TSA is now pleading for back up officers to help with staffing shortages as the number of unpaid TSA agents who did not show up for work on Sunday hit a record high of 10 percent. With polls showing the blame for the shutdown rests decisively on Donald Trump and congressional Republicans, Senate Republican Leader Mitch McConnell has finally decided to do what he could have done weeks or ago but always claimed he would not do. He is going to bring one of the bills Nancy Pelosi passed through to the House of Representatives to a vote in the Senate. That bill would reopen the government with temporary funding until February 8th. If that bill passes the Senate, it will be immediately sent to the White House for the president`s signature.
And because the president is Donald Trump, we have no idea whether the president will or wouldn`t sign that bill. The vote on the Pelosi funding bill and the McConnell controlled Senate will come after Senator McConnell gives President Trump the pleasure of watching the president`s latest proposal come to a vote in the Senate. That bill would include the president`s current request of $5.7 billion for border wall funding.
The reason Mitch McConnell has a second bill ready to come to a vote after the Trump bill is that Senator McConnell knows the Trump bill will be defeated in the Senate. The votes are currently scheduled for Thursday.

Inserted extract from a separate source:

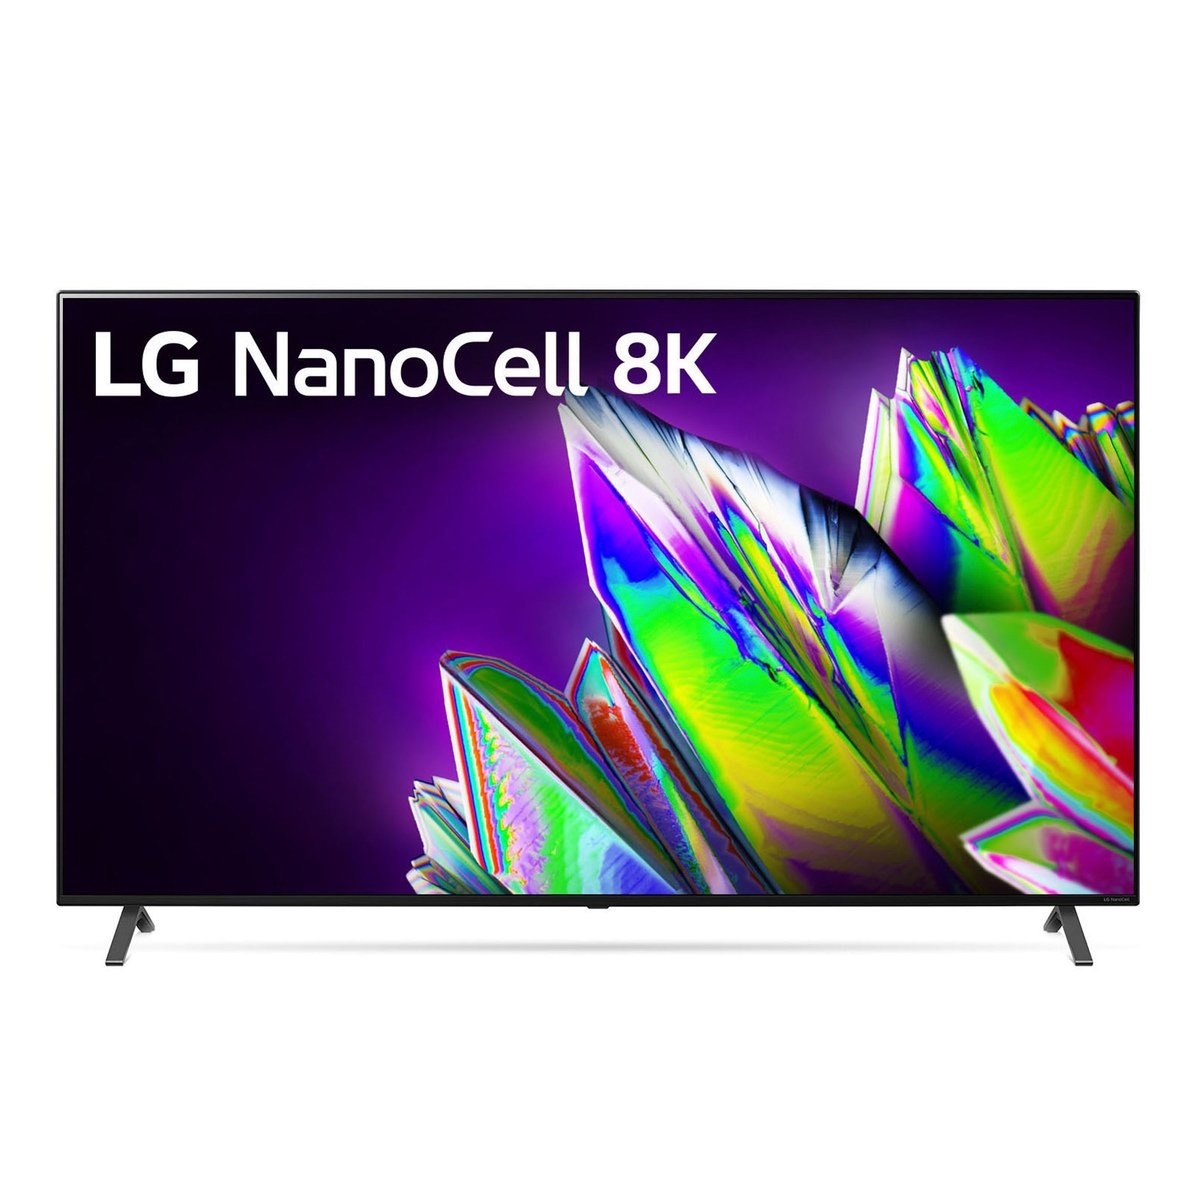 LG NanoCell TV 75 Inch NANO97 Series, Cinema Screen Design 8K Cinema HDR WebOS Smart ThinQ AI Full Array Dimming

Joining us now, Ron Klain, former chief counsel to the Senate Judiciary Committee and former senior advisor to Vice President Joe Biden and President Obama. Also wit us, Matt Viser, national political reporter for "The Washington Post."
Matt, I want to start with you because you had reporting especially from Michigan from areas -- you visited areas where Donald Trump has had pretty good support. And even in those places, at crucial Electoral College areas for Donald Trump, they -- according to your reporting, they`re blaming the shutdown on Donald Trump.
MATT VISER, NATIONAL POLITICAL REPORTER, THE WASHINGTON POST: That`s right. I spent a couple of days in Macomb County, Michigan, and suburban Detroit. This is an area when we think of blue collar voters who swung the 2016 election to Donald Trump, these are the voters we`re talking about. And many that I spoke to have concerns about President Trump.
Republicans or Democrats who swung and voted for President Trump are concerned about him, and the shutdown is adding to that. They`re worried about things it might do to an economy they so far felt pretty good about. And I think that is causing more anxiety, and they`re saying it would take something miraculous for them to support President Trump again.
So, it illustrates a little bit of the challenges that he faces right now as he deals with the shutdown and gets a lot of the blame for it.
O`DONNELL: Speaking of something miraculous, Ron Klain, Mitch McConnell has risen from a version of the dead in the Senate. And here he is now doing what he said he wouldn`t do, and he`s actually trying to move some bills on the Senate floor.
RON KLAIN, FORMER CHIEF COUNSEL, SENATE JUDICIARY COMMITTEE: Yes, only in the U.S. Senate of Mitch McConnell could putting up proposals that will lose be considered actual legislation. And, you know, that`s what`s going to happen. They`re going to put this Trump proposal, which is no compromise at all, which is a threat to take the Dreamers hostage and then partially released them as hostages, in exchange releasing the wall as a hostage, they`re going to put that up for a vote and it`s going to lose.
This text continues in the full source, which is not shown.